Mas a mensagem da parábola vai além: recorda que, enquanto estivermos neste mundo, devemos ouvir o Senhor que nos fala mediante as sagradas Escrituras e viver segundo a sua vontade, caso contrário, depois da morte, será demasiado tarde para se corrigir.
Portanto, esta parábola diz-nos duas coisas: a primeira é que Deus ama os pobres e eleva-os da sua humilhação; a segunda é que o nosso destino eterno está condicionado pela nossa atitude, compete a nós seguir o caminho que Deus nos mostrou para alcançar a vida, e este caminho é o amor, entendido não como sentimento, mas como serviço aos outros, na caridade de Cristo.
Bento XVI

No mundo, muitas vezes deposita-se a confiança no dinheiro e é precisamente a este propósito que a liturgia propõe refletir sobre a parábola de Lázaro e do rico epulão.
A palavra que vence a classificação das conversações quotidianas das pessoas é a do dinheiro: porque têm demasiado, porque têm pouco ou porque não têm. Nem sequer Jesus evita este tema; hoje alerta contra os riscos que corre quem cede às lisonjas do deus-dinheiro. E fá-lo através de uma parábola diferente das outras, que poderia ser definida a "desforra dos pobres". É a narração do homem alegre, sem nome, e do mendigo, chamado Lázaro.
Costuma-se dividir a parábola em dois momentos: a cena do rico epulão e do mendigo Lázaro, "antes" e "depois" da morte. Com a inversão total das posições. Mas na realidade, a narração tem três núcleos, destinados a ressaltar os gravíssimos riscos da escravidão do deus-dinheiro.
O primeiro: a riqueza faz definhar a vida dos pobres.
O Evangelista Lucas descreve a figura do rico: cores vistosas, como a púrpura e o bisso de um monarca oriental, fechado no seu mundo dourado; ostentação de festas e mesas postas, apesar da miséria do mundo. Um homem sem nome. No entanto, o pobre Lázaro "jazia à sua porta, coberto de chagas" (Lucas (Lc) 16, 20); um verbo para dizer a sorte dramática de todos os infelizes do mundo. "À porta", para não incomodar a visão dos ricos. O pobre pedinte de migalhas só tem uma dignidade: o nome. Mas o contraste é árduo; os dois mundos são distintos; não olham um para o outro. A riqueza escava o primeiro abismo da vida: entre abastados e pobres.
Mas existe um segundo risco: a riqueza faz definhar a vida dos ricos.

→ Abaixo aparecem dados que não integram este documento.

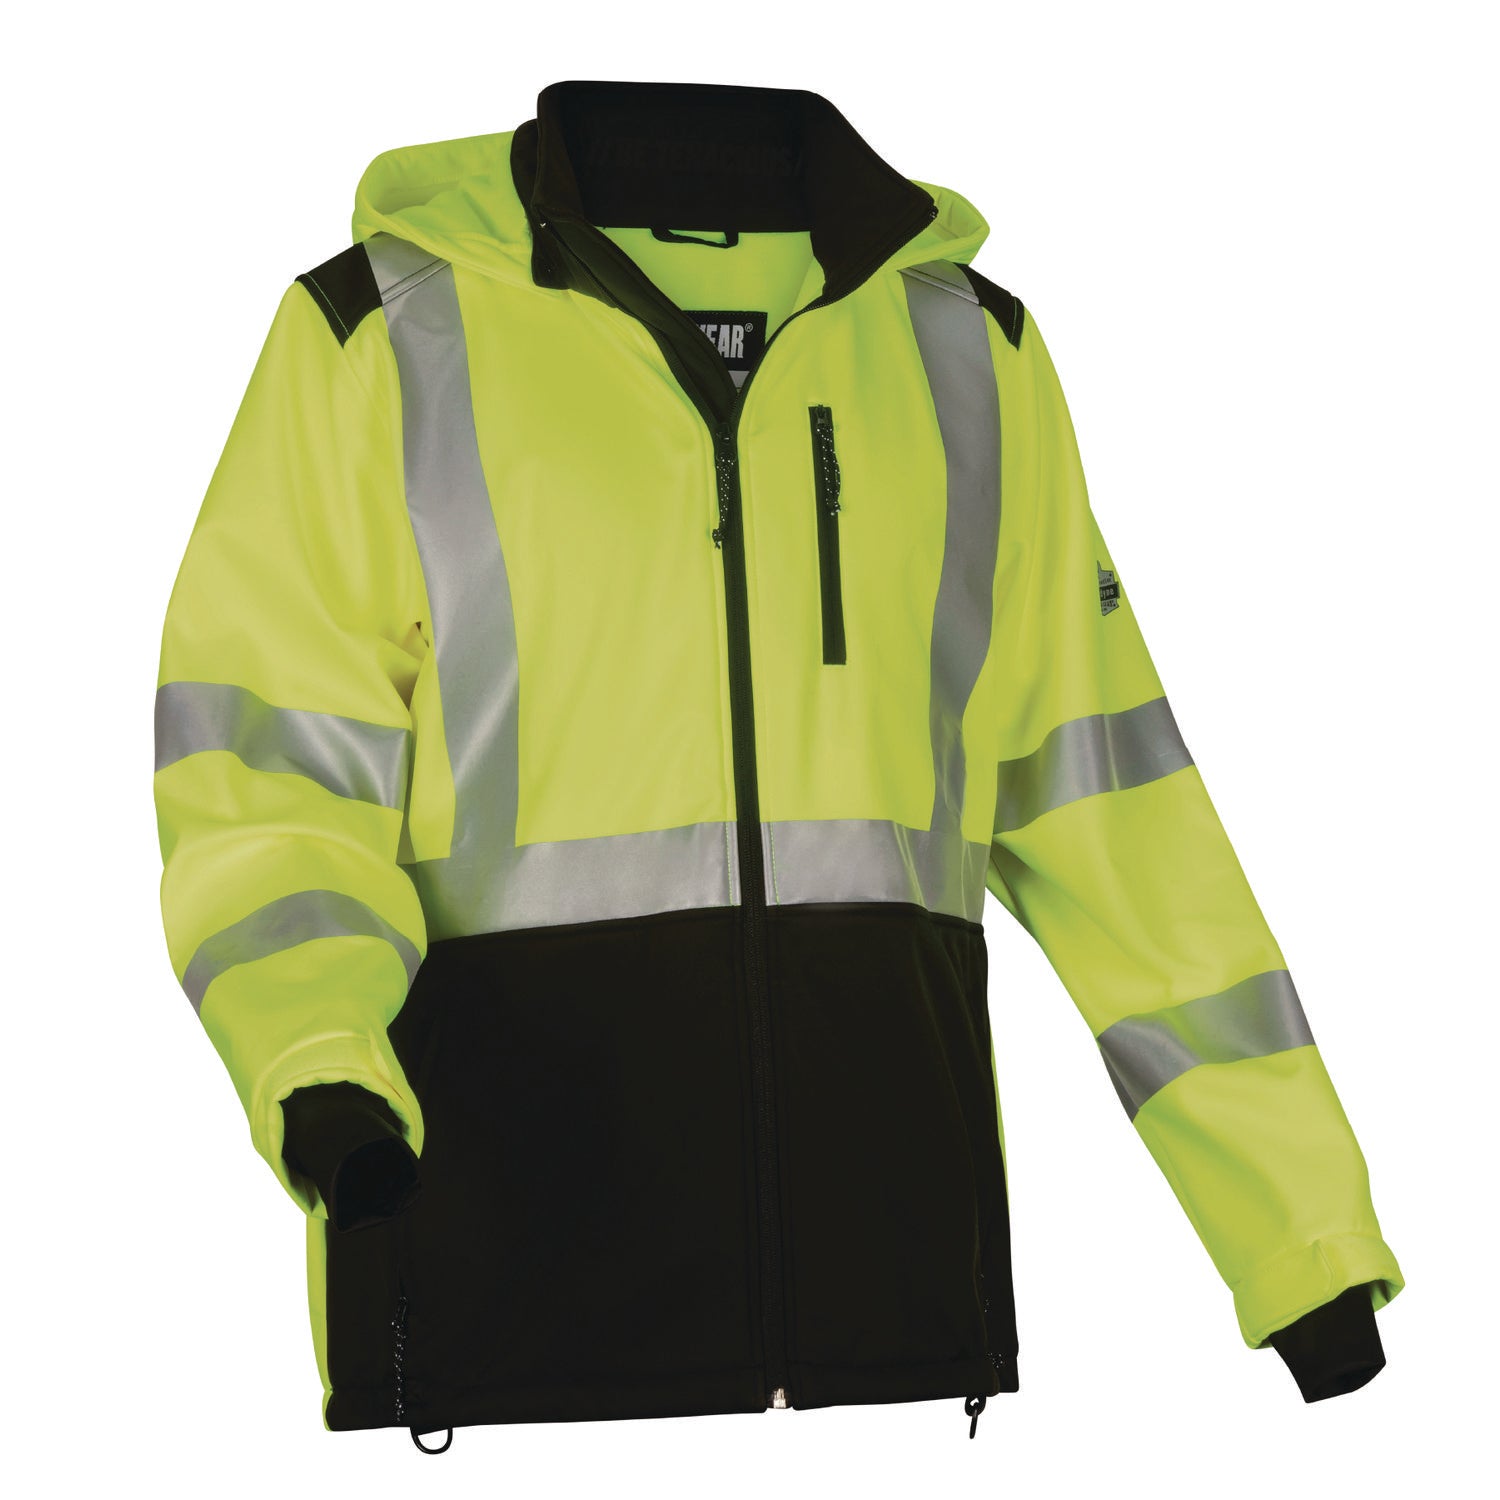 glowear-8353-class-3-hi-vis-softshell-water-resistant-jacket-3x-large-lime-ships-in-1-3-business-days_ego23527 - 1

A hora de prestar contas é a morte, como limiar de um mundo que se encontra "além". Lázaro é "levado" para o alto pelos anjos, ao seio de Abraão. Finalmente, o pobre entra na jubilosa comunhão do banquete messiânico; o rico, ao contrário, "foi sepultado... na morada dos mortos, achando-se em tormentos..." (Lc 16, 22-23).
À aspiração frustrada dos pobres durante a vida corresponde o desejo dramaticamente negado aos ricos, de acederem ao banquete messiânico: "Ai de vós, ricos, porque já dispondes da vossa consolação" (cf. Lc 6, 25).
Enfim, há um terceiro risco sério: a riqueza faz definhar a fé dos ricos.
Do abismo da sua infelicidade, o pobre epulão lança um brado desesperado: que pelo menos os seus irmãos sejam admoestados, a fim de que não lhes caiba a mesma sorte. Mas a lição de Jesus é clara e terrível. Não lhes é útil a palavra de um morto para mudar a vida. Para acreditar e para se converter, é suficiente a palavra dos profetas, a palavra de Deus. De resto, Jesus experimentou isto várias vezes: quanta dureza de coração e quanta insensibilidade, mesmo diante dos milagres.
Como se sabe, o apego tentacular à riqueza torna a consciência obtusa. Sob o poder do deus-dinheiro verificam-se dramáticas divisões familiares, desprezam-se os afetos mais queridos e os valores mais autênticos. O primeiro a pagar as consequências é Deus.
Contudo, há um valor que pode salvar a vida dos pobres e, contemporaneamente, a dos ricos: a solidariedade, que nasce de uma vida sóbria e gera uma vida sóbria.